Phylogenetic trees only show which groups are most closely related to which other groups
Figure 10-14 part 1 Mapping common ancestors.
Evolutionary trees tell us many things, but one thing they do not tell us is which groups are most “primitive” and which are most “advanced.” This property of
phylogenetic trees can serve to undermine some of our most sacred beliefs, such as the one that humans are the pinnacle of evolution. Many trees can be drawn to support this idea, including Figure 10 -14. But notice that if you rotate this tree around any one of its nodes, you can get a number of different trees.
What trees do tell us is which groups are most closely related to which other groups.
One of the most interesting revelations of “tree thinking” is that fungi, such as mushrooms, yeasts, and molds, are more closely related to animals than to plants.
By analyzing the genetic composition of plants, fungi, and animals, biologists have been able to determine that the relationship between the three groups is that shown in Figure 10-15. We investigate this surprising fact in Chapter 11.

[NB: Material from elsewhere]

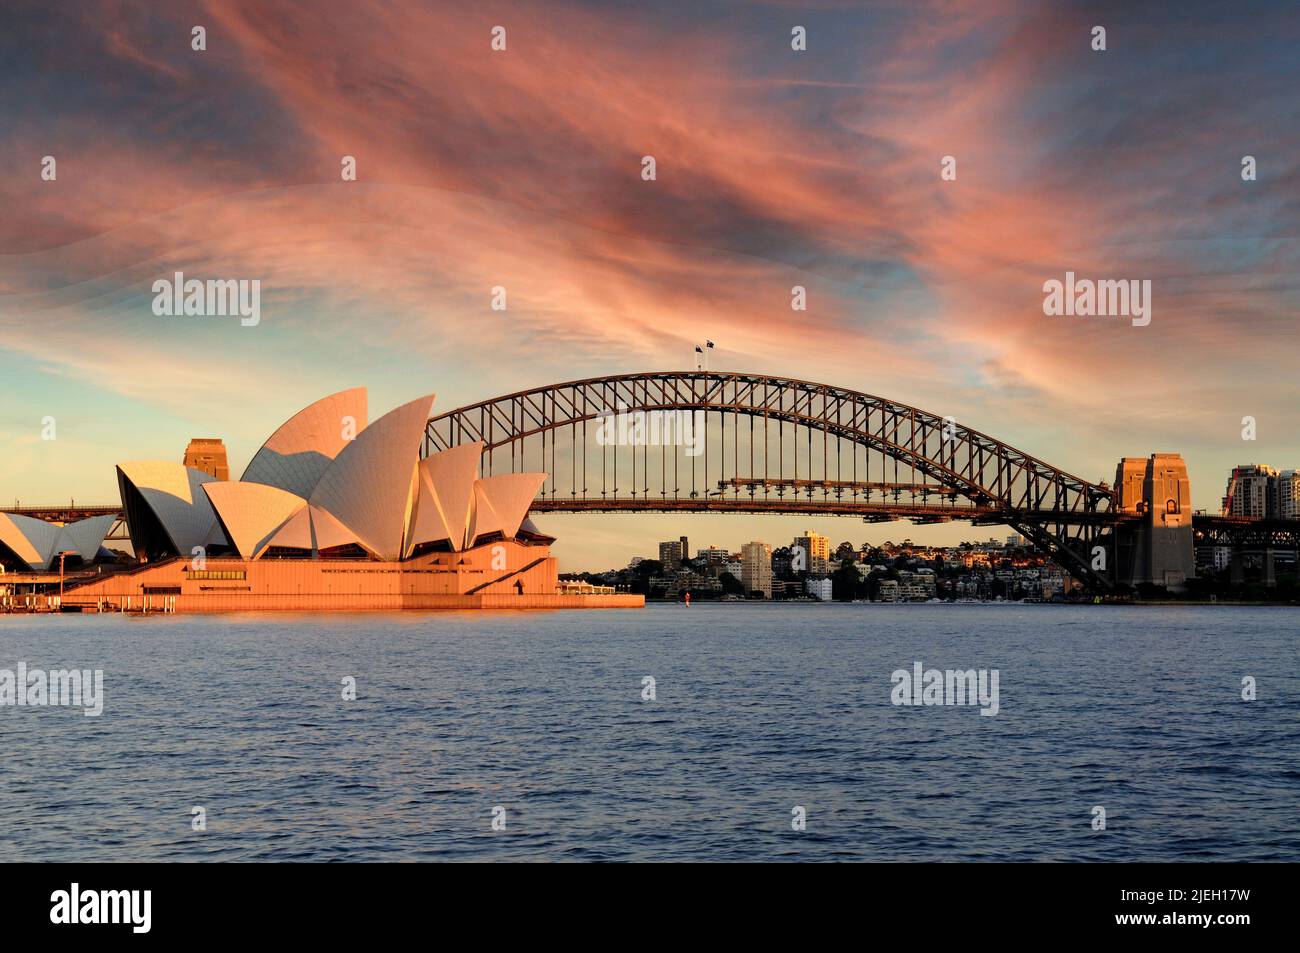 Oper von Sydney von der Harbour Bridge aus gesehen, am frühen Morgen, Sydney, New South Wales, Australien Stock Photo

Figure 10-15 A growing tree.
Biologists use the term monophyletic to describe a group in which all of the individuals are more closely related to each other than to any individuals outside of that group.
Monophyletic groups are determined by looking at the nodes of the trees.
Animals and fungi, taken together, compose a monophyletic group because they all share a more recent common ancestor (designated by node “A” in Figure 10-16) than either of them shares with plants.
Plants and fungi, taken together, do not compose a monophyletic group because their common ancestor (at the point of node “B”) is also shared by animals.
But plants, fungi, and animals, all taken together, do compose a monophyletic group by virtue of all three sharing the common ancestor at node “B.”
Figure 10-16 Members of a monophyletic group share a common ancestor and the group contains all of the descendants of that ancestor.
Reading an evolutionary tree reveals what groups are most closely related and can give us an approximation of how long it has been since they shared a common ancestor.
But how are evolutionary trees—that might hypothesize historical events that happened, in the case of the cat–dog split, 60 million years ago—constructed in the first place?
Until recently, these trees were assembled by looking carefully at numerous physical features of species and generating tables that compared these features across the species.
Figure 10-17 (Looking for clues in body structures) is a simple example of such a table. With only three features, this table shows a clear split between the characteristics of the lion and the hyena, on one hand, and the wolf and the bear on the other.
For most of the 1900s, biologists classifying organisms would often use 50 or more characters to generate a tree.
Beginning in the 1980s, biologists began using molecular sequences rather than physical traits to generate evolutionary trees. The rationale for this approach is that organisms inherit DNA from their ancestors and so as species diverge, their DNA sequences also diverge, becoming increasingly different. As more time that passes following the splitting of one species into two, the differences in their DNA sequences becomes greater. By comparing how similar the DNA sequences are between two groups, it is possible to estimate how long it has been since they shared a common ancestor (Figure 10-18 DNA sequences reveal evolutionary relatedness).